En muchas catedrales existen laberinto diseñados para invitar a los creyentes a hacer el viaje interior hacia Jerusalén, el más conocido es el laberinto de la Catedral de Chartres (Francia) y su copia en la Catedral de San Francisco.

Para este ejercicio he tomado el laberinto de Shasta, En estados Unidos, es un laberinto de un solo sendero que conduce al centro, en él nadie se pierde pues no tiene caminos falsos. Una vez en el centro invita a la salida haciendo el mismo recorrido. Quise ubicar en algunas partes claves un día de la creación para detenerse, colocar allí una piedra que simbolice la ofrenda de ese día. Cada día se ofrece algo de mi existencia:

1.      el orden de mi vida,

2.      su purificación,

3.      su poder para generar vida,

4.      los astros que me acompañan,

5.      la vida que he generado

6.      el Adam que me habita, lo masculino y lo femenino en mí.
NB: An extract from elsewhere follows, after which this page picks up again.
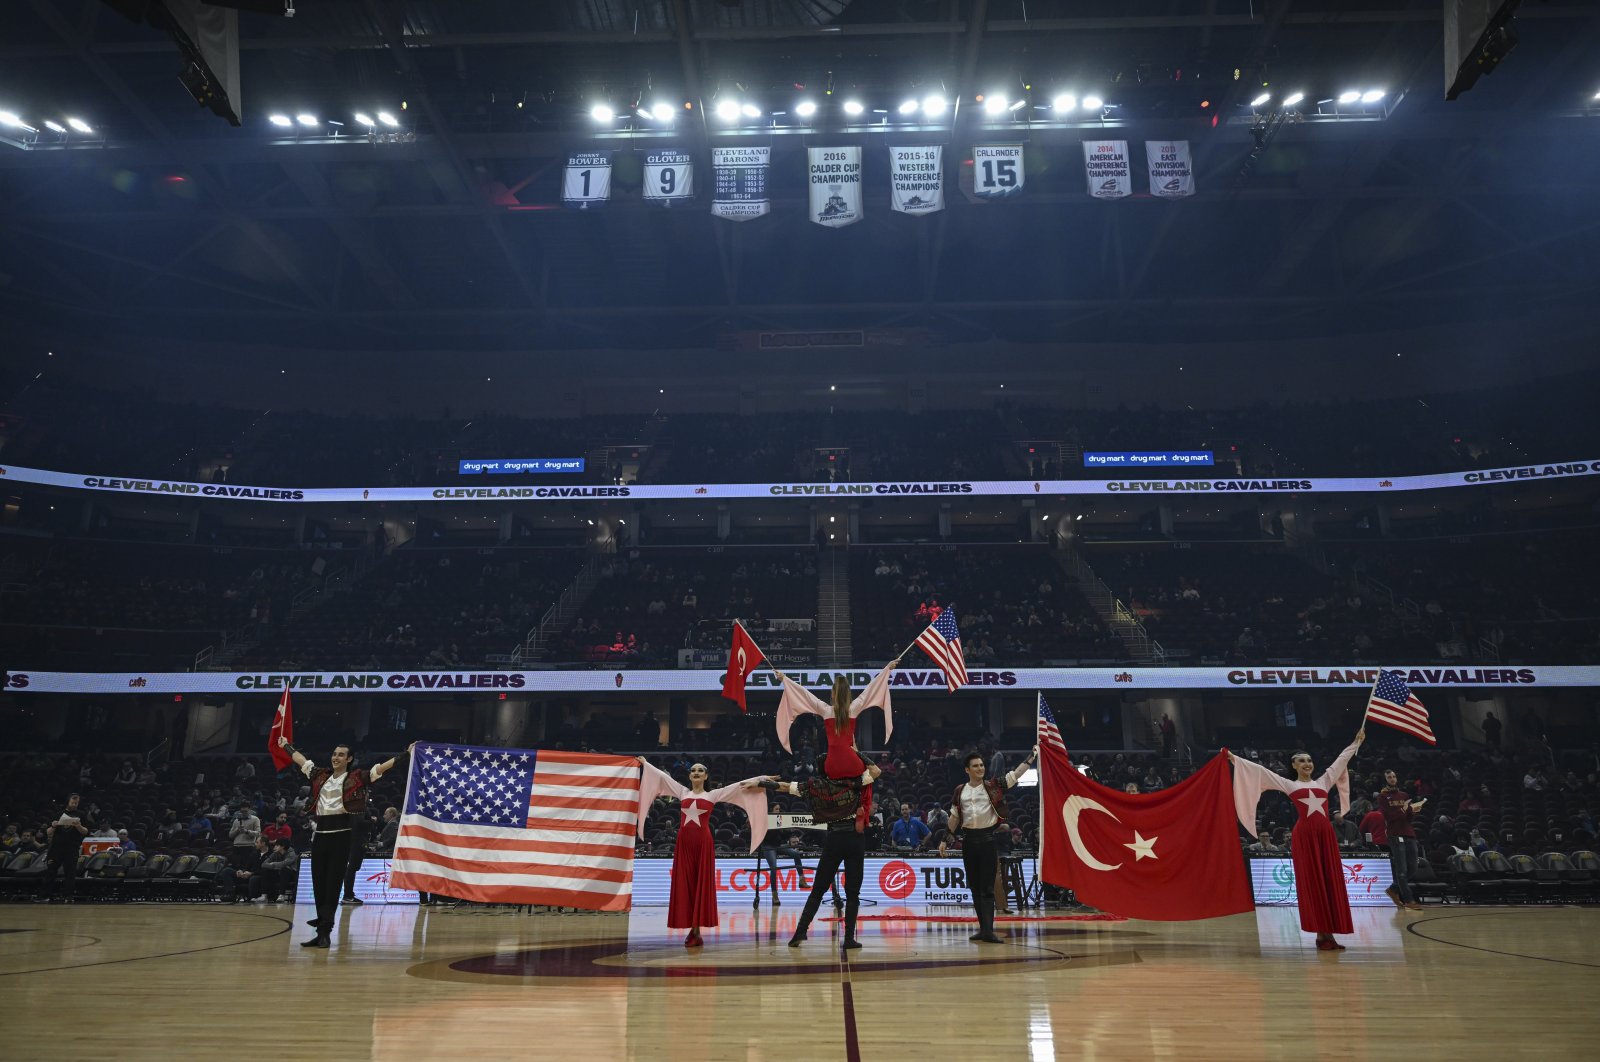 The Turkish folk dance team from the Turkish State Opera and Ballet perform during a show ahead of a Cleveland Cavaliers versus LA Clippers game in Cleveland, Ohio, U.S., Jan. 29, 2023. (AA Photo)

7.       La plenitud de mi vida, el encuentro con Dios.


Si deseas ver el laberinto de Shasta ve a las imágenes que están a tu derecha en el blog.

El camino hacia adentro facilita la peregrinación hacia nuestro interior, la búsqueda de la comunión y conexión con nuestro Dios. El espacio central es un lugar de meditación, contemplación y recepción de la conexión con la Unidad. El camino de vuelta, hacia afuera, conduce a la integración de las vivencias y sensaciones de la unión con el poder del Amor de la Unidad.
“Se afirma que si el laberinto se recorre con la mente y el corazón abiertos, se convierte en un espejo que responde a las preguntas acerca de quiénes somos y dónde estamos en nuestra actual vida”.